Orders given and dutifully sent to the kitchen, as I explored the “All American Choices” section of the menu, I noticed they had an item called a “Pork Burger,” served with fries ($6.50). Curiosity piqued, I asked the waiter to confirm my suspicions that it was indeed a burger made out of ground pork, something that I had dreamt of making myself many times but never followed through. Stagecoach did.
I immediately put in my order.
As gristly Sam Elliot-types who had put in a hard week’s work continued to shuffle in, I started to miss my old life growing up in a small town and, wistfully, started to daydream about moving back to a community like his, raising some chickens, maybe finding love with a sassy single mom from the wrong side of the tracks, and all is well…until I realize I probably wouldn’t be able to write for a living and would have to get an actual job laying fiber-optic cables or wiping down propane tanks in the hot sun, dying in a ditch due to a mixture of hard-work and boredom by the time I’m 40. No thank you.
Back to reality, my friend’s smoked chicken came out first and good golly Miss Molly, that thing was enormous, a chicken breast almost as big as a turkey breast. I don’t know if that’s just how they is raised out here or if this is the product of steroids and hormones, but all I gots to say is yes, please and thank you!
The very definition of succulent, this gigantic chicken breast, served skinless, was chocked with a rich smoky flavor throughout, each juicy slice able to carve like a poor-man’s Christmas turkey and just as grateful for it. This is how you do smoked chicken—taking notes, big boys?—and, as a bonus, the sides were delectable as well, with the creamy mac and cheese definitely playing ball with deep-fried new potatoes, also served in a way I had never had before, but ultimately worth it!
My compilation of ribs was absolutely off the hook—more like off the bone, actually—so tender and perfectly cooked that I honestly had no idea where the meat ended and the bone began.

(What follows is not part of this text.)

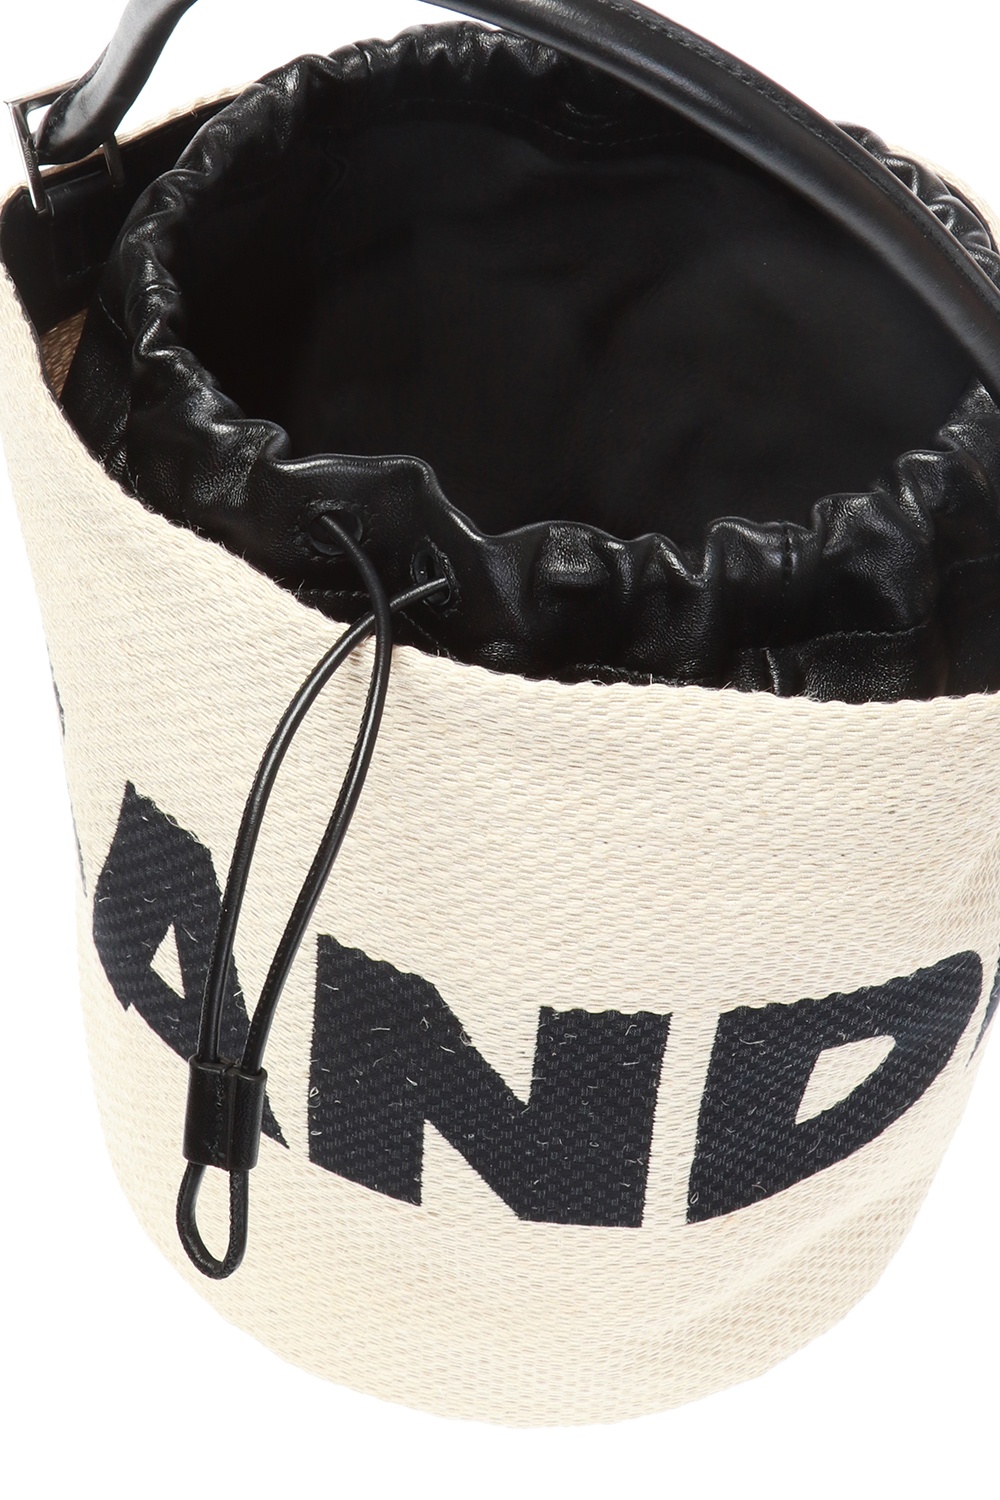 Branded shoulder bag JIL SANDER+ - Vitkac Netherlands

That’s alright mama, I noted as I sucked down some of that sweet pig marrow, I need the extra calcium. Or whatever is in pig bones.
Swathed conservatively in a few dashes of spicy hot Head Country sauce, it was a top-notch dinner, with the fresh crispy fried okra and the more-on-the-pinto side cowboy beans finishing off this small town barbecue in a big league city way.

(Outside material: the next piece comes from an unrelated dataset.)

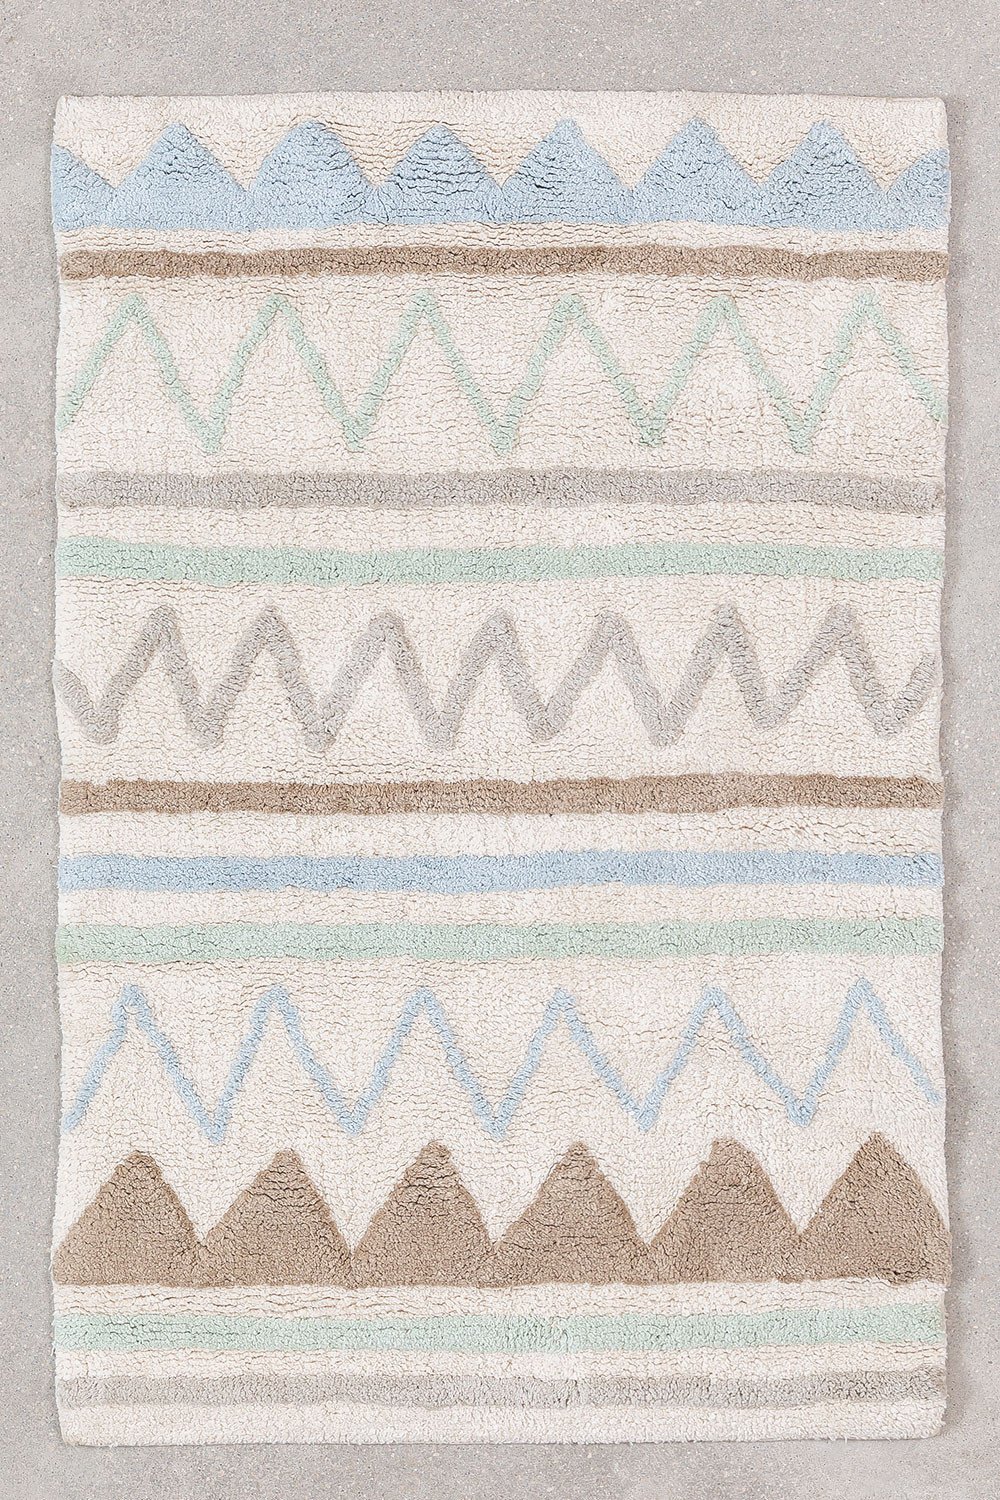 Katoenen vloerkleed (60X95 cm) Miko KIDS, galerij beeld 1

Now, I had fully expected to get the pork burger to go, maybe to eat as a treat after the concert on the way home, but when it arrived at the table open-faced, the porcine seductiveness of that very specific scent of charred ground pig tempted me to…alright, take one bite…what can one bite hurt? Apparently quite a bit, because this tummy-tempting taste-sensation was downright delicious, and I practically inhaled the darn thing, sharing off most of the fries to my fellow food-friend.
The seasoned pork really made for wholly different burger experience than I was typically used to, with everything from the texture of the meat to the way it mixes with classic burger fixins like lettuce, tomatoes and even mayonnaise being just a little different, in a good way, for me. I wonder if there are any burger places in the Metro that offer up anything similar; I’d really like to compare notes.
And by compare notes, I mean eat more pork burgers.
Bonus pro-tip: when they offer you a piece of chocolate sheet cake with a scoop of homemade ice cream for a lousy buck, even if you're full, just say yes.
Stagecoach BBQ is a brilliantly shimmering roadside gem, a real testament to the unheralded culinary geniuses, the unknown masters of the kitchen, the unnamed preceptors of provision that propagate this great state that, without people like me, desperately hungry martyrs with a penchant for the written word, would probably never get the absolute attention they most whole-heartedly (and full-stomachedly) deserve.
And that’s why I need my own weekly segment on, even if I’m truly low-balling, Freedom 43’s Rise and Shine. ¡Cómpralo ya!